After Cleopatra died, Egypt was taken over by Rome, but many Egyptian lifestyles and traditions continued.

Difference between Mesopotamia and Egypt Architecture

History of architecture refers to a record of man’s effort to build beautifully. It was organized along a global timeline, a global history of architecture (Francis et al; Michael et al) presents an innovative approach to the study of architectural history which spans from 3500 BCE to the present. This unique guide was written by a group of architectural experts who emphasize the connection, contrast, and influences of architectural movements throughout the span of history, such influences are geographical, geological, climatic, religious, political, social, and historical with the aim of satisfying the client’s need. It traces the origin; growth; historical style (particular method, characteristics); great construction principles (such as post and lintel, arch and vault, corbel and cantilever, trussed construction), and the beginning of architecture mainly emphasizes prehistory, construction of ziggurat and megalith, Mesopotamia, and Egyptian pyramids and kingdoms.

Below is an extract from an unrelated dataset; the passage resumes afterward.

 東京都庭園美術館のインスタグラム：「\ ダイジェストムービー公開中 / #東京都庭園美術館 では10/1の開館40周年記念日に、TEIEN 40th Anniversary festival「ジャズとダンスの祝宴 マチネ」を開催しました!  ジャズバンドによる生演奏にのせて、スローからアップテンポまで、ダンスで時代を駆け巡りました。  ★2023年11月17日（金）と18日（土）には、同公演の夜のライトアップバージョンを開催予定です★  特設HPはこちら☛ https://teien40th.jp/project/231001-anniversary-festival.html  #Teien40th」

According to the authors, prehistoric architecture starts as early 3500 BCE and spans about 3000 BCE in the land of the eastern Mediterranean Sea, the period before the written records and the details about the buildings, human settlements, and the reconstruction based on post-hole or masonry foundations and it has the constructional system existing or excavated caves, megalith, tombs, circular form of huge stone called stone henge. The architectural characteristics of this period are bricks made of mad and sun-dried or kiln-fired and; murals of decorative continuous stone and the only material available was (clay, soil, and reeds).

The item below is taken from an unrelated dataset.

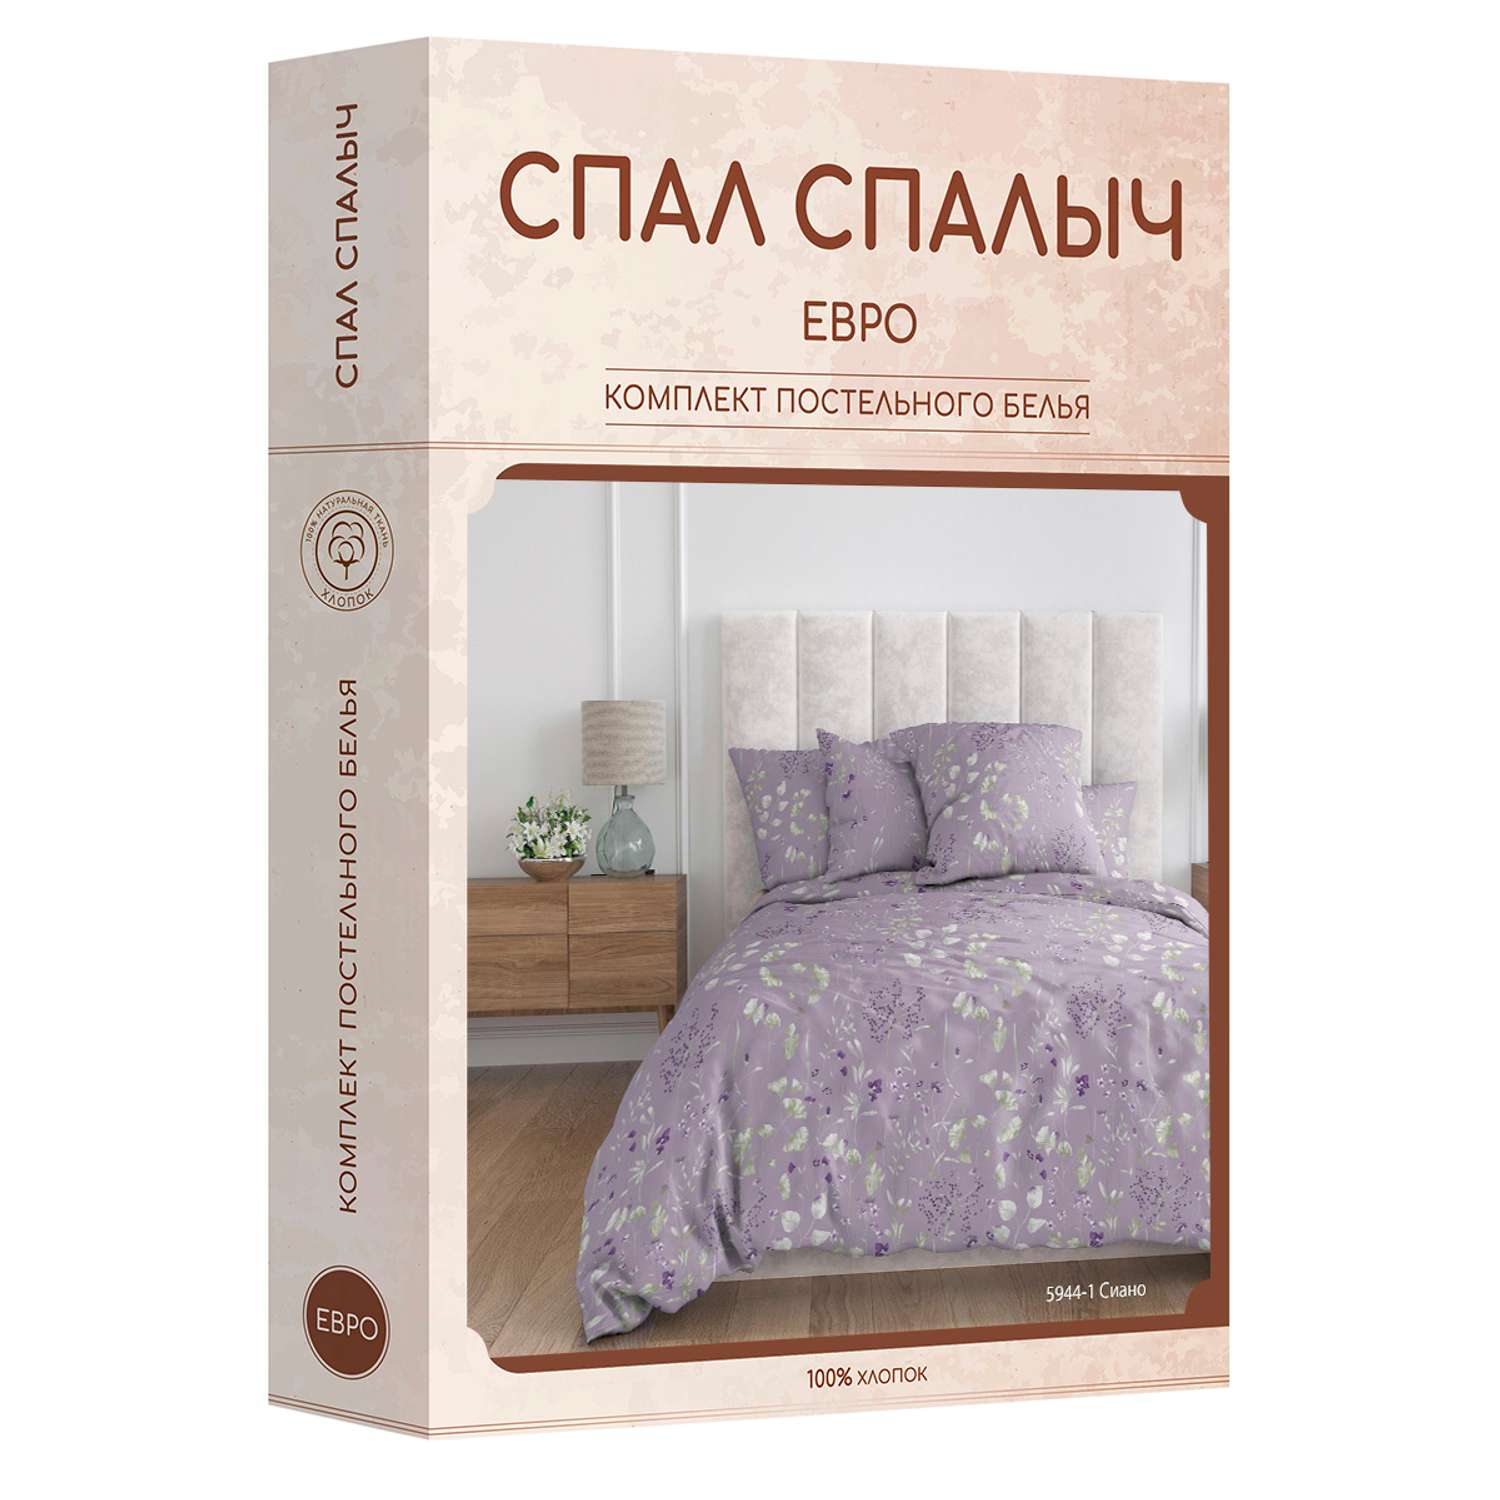 Комплект постельного белья Спал Спалыч Сиано евро - фото 8

The data set also demonstrates that Mesopotamia(meaning between two rivers), the fertile land surrounded by the Tigris and Euphrates rivers and is the region corresponding to modern Iraq, and parts of Iran(-in particular, is referred to as the cradle of the civilization ( Sumerian, Assyrians Akkadian, and Babylonians) and history of architecture also Mesopotamians are noted for developing one of the first written scripts achieved by Sumerian around 3500 BCE who worshiped multiple gods of diverse rank and represented them in their art and the Sumerian temple consists of a cult statue, altars, and niches laid up in sun-baked bricks on a ziggurat.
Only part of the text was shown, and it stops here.